By Joe Starkey
Thursday, April 23, 2015, 10:48 p.m.
Philip G. Pavely | Trib Total Media
Penguins players Marc-Andre Fleury (from left), Paul Martin, and Ben Lovejoy are all tangled up with each other against the Rangers during Game 4 in the first round of the Stanley Cup Playoffs at the Consol Energy Center Wednesday, April 22, 2015. The Rangers won 2-1 to gain a 3-1 advantage.
The Penguins are a loss away from a sixth consecutive early postseason exit. How did they find themselves in such a deep hole a mere week into the playoffs?
The top five reasons, in order:
1. INJURIES
Doesn't make for incendiary sports talk. It's just true. And it's amazing to watch otherwise rational human beings demand the beheadings of everyone in charge when the clear and simple truth is that the Penguins are ravaged beyond recognition.
That doesn't excuse other pertinent issues. But to willfully ignore injuries as the primary one is insane.
Humor me here. Put down the pitchfork, take a deep breath and at least appraise the injury situation for what it is. Just for a moment.
The Penguins are missing a productive, lightning-fast, top-line team leader in Pascal Dupuis. That alone rips a giant hole in the roster. But that's only the beginning. They also are without a game-changing, Norris Trophy-caliber defenseman in Kris Letang. A guy who'd be playing HALF THE GAME if he were in the lineup.
Oh, and they are sans a rising star in Olli Maatta and a solid top-4 D-man in Christian Ehrhoff. I keep hearing Ehrhoff was an unnecessary signing. He sure looked necessary when he was averaging 21 minutes with a plus-15 rating through three months. Before a brain injury ruined his season.
How many teams overcome that kind of roster devastation?
The truth can be terribly inconvenient, I know, especially when an angry mob is forming at the center of town. But that doesn't make it any less true.
2. TWO-STAR MODEL CRACKS AGAIN
Last year, it was Geno up and Sid down. This year, it's the opposite. No other team in this salary-cap era pays its top two players as much. That makes filling adequately around them a near-impossible task. It means the two must be dominant if the Penguins are to have any chance of a lengthy postseason run.

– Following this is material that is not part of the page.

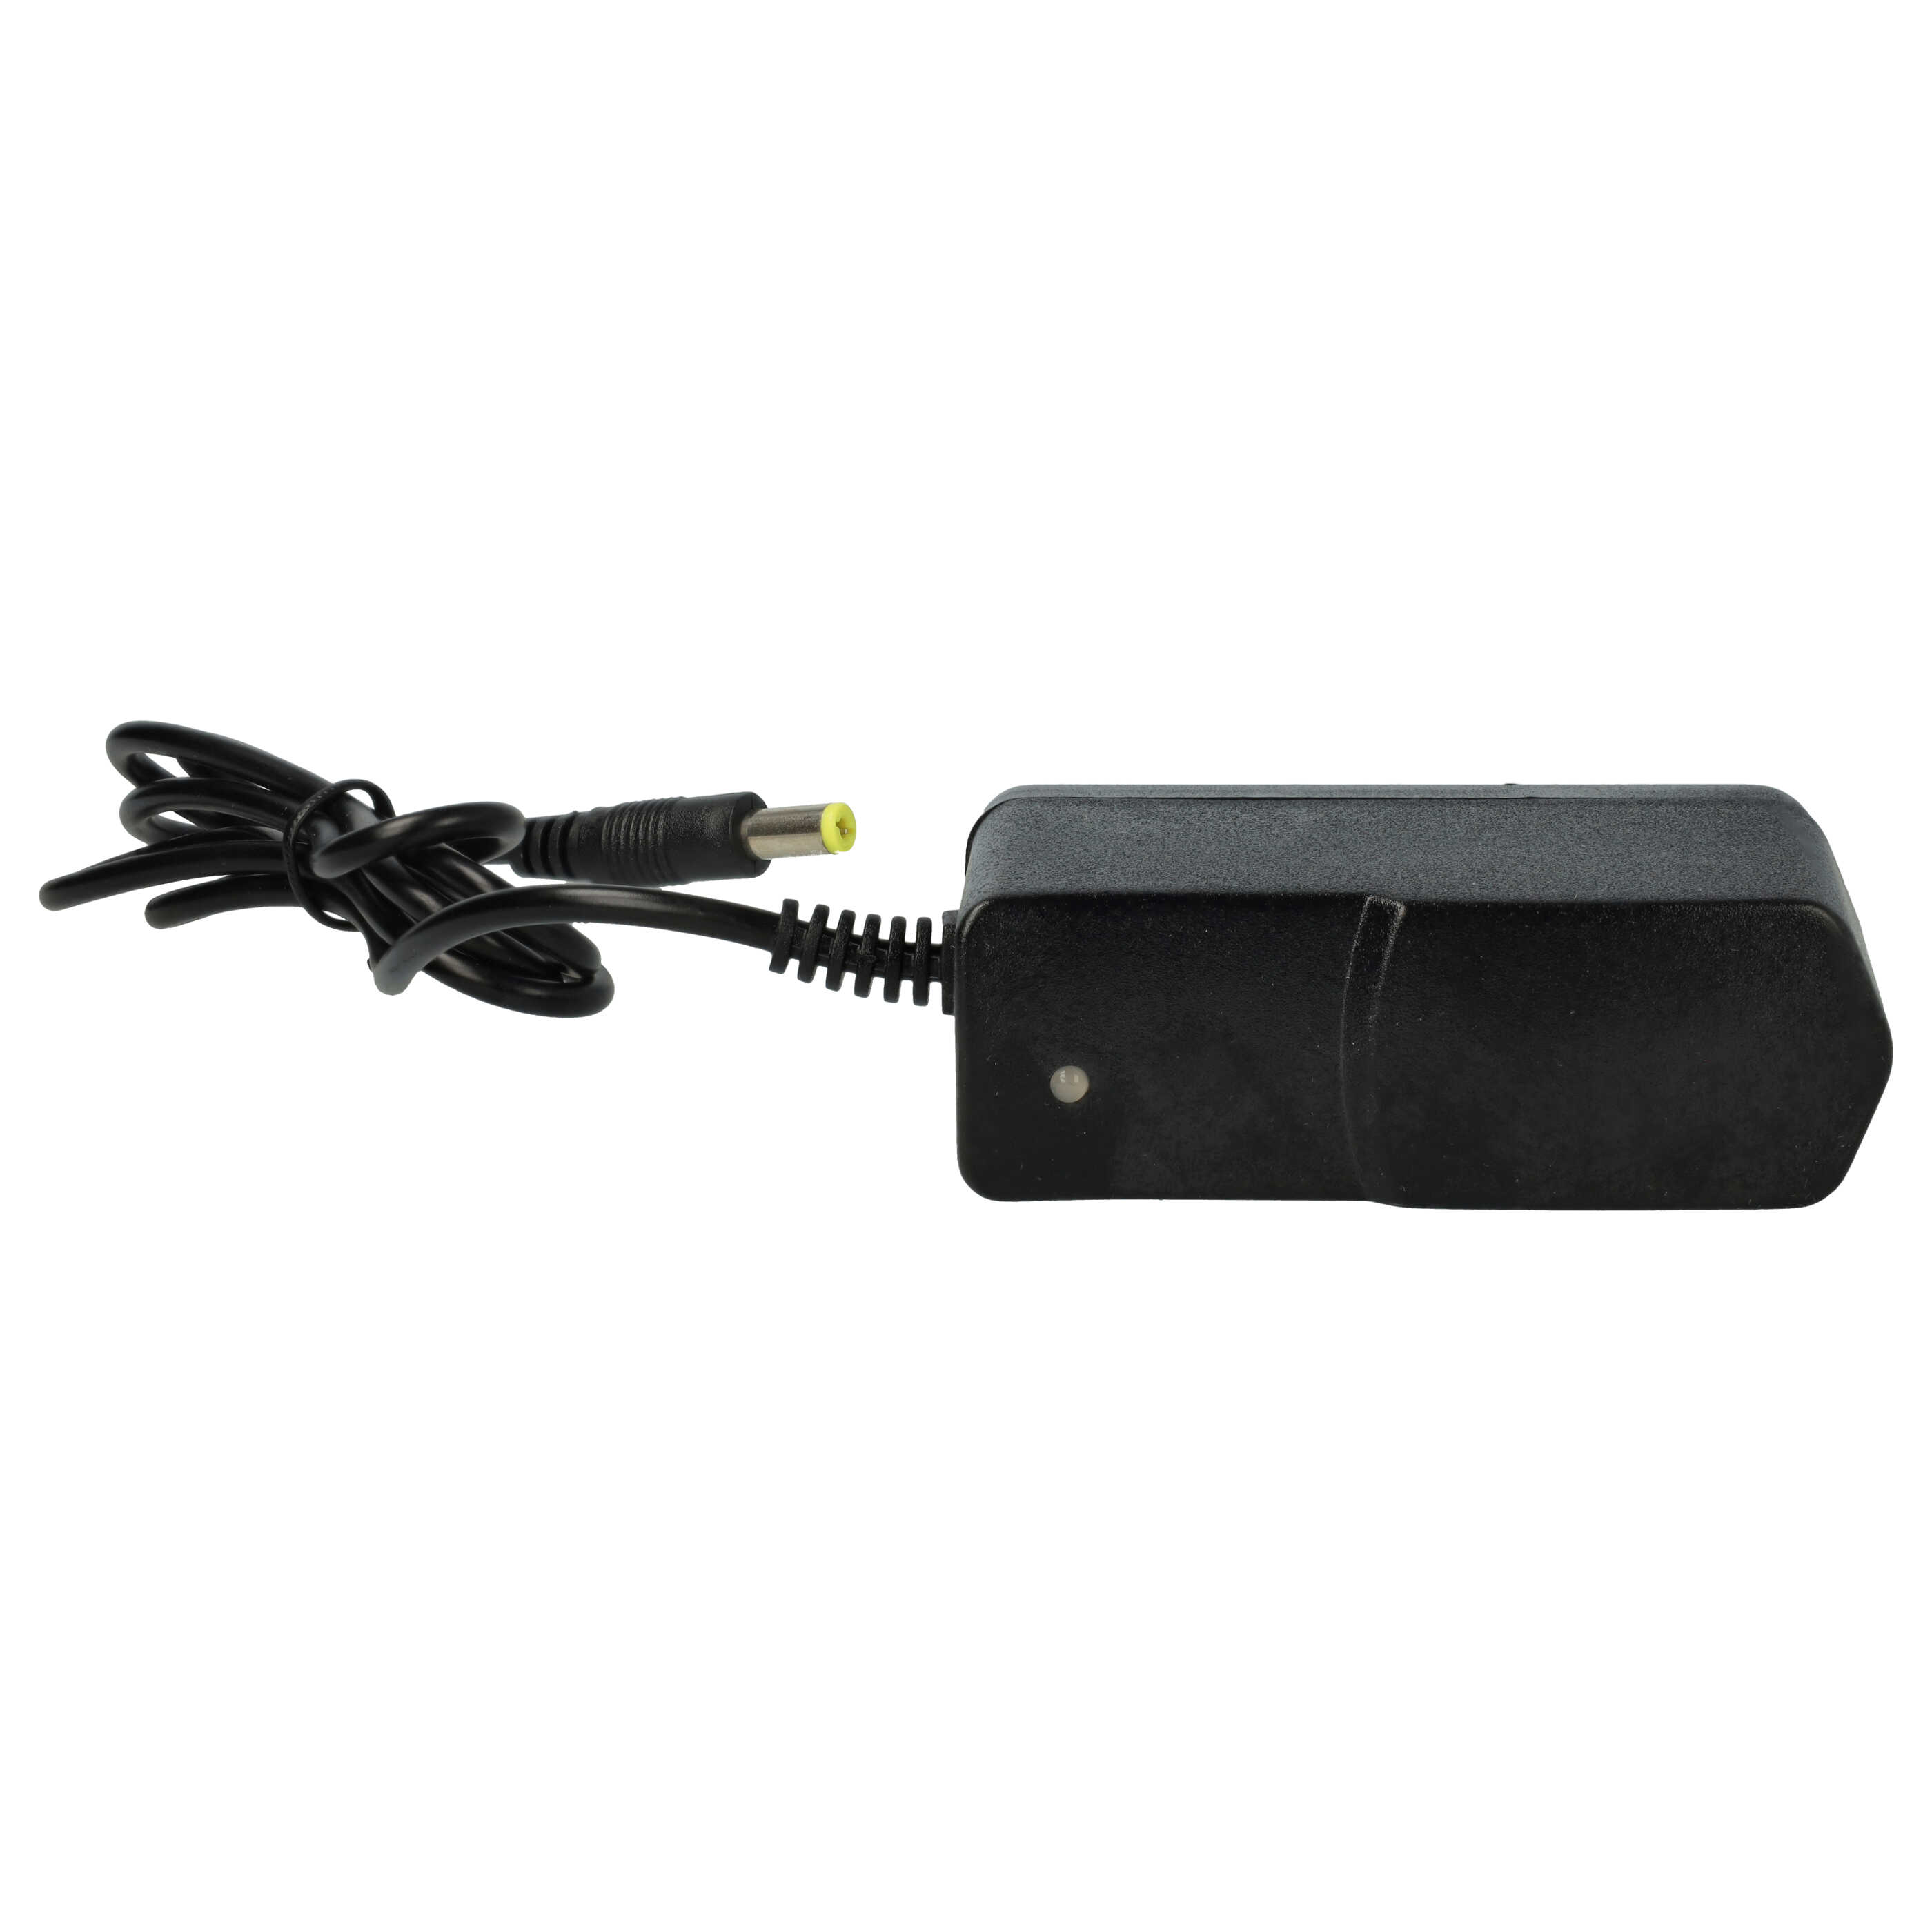 Charger suitable for CREE SSC-P7, XMLT6 LED Bike Light, Rechargeable Bike Light - DC 8.4 V, 1.0 A

Crosby has been very good in this series. Malkin has been invisible. If his back is as bad as some believe, it seems curious that he has continued to practice regularly. And maybe it's unfair to compare anyone to Mario Lemieux, but even on nights when Lemieux's back was so bad he needed help lacing his skates, he found ways to make key plays.
On the other hand, if Malkin really is that banged up, add him as another crucial piece of testimony to Category 1 above.
3. GM MALFUNCTION
I defended Jim Rutherford regularly through the season but also said he could only fairly be judged on how his acquisitions performed in the playoffs.
Some have looked good (Patric Hornqvist, Max Lapierre), others awful (David Perron and Daniel Winnik, a human clinic on how to get scored against at even strength). The rest of the bag is mixed.
Where I once would have given Rutherford an ‘A' for his work, I'd now give him a ‘C.' I was dead wrong on the Ben Lovejoy-Simon Despres trade. It looks hideous. Ian Cole for Robert Bortuzzo on the other hand ...
Rutherford also lost his bet that yet another injury outbreak wouldn't leave him short-handed toward the end of the season. It did. He refused to own it.
Would the mistakes be enough to fire him? Not for me, because, again, Rutherford doesn't have anything resembling the team he was supposed to have.
4. RAY SHERO'S DRAFTS
I applauded Shero's ownership-mandated, win-now approach, and he did draft some talented young defensemen. But somehow, some way, somewhere, in eight years, you have to come up with a forward or three who can help.
5. GARAGE LEAGUE
A team such as the Penguins, topped with rare skill, is hurt more than others by the return of maim-and-mug hockey.
This team still has a chance, mind you. It could still make its GM look good.
But if I'm a betting man, I'm betting the only Penguins-related noise we hear this weekend is the vroom-vroom-vroom of golf carts.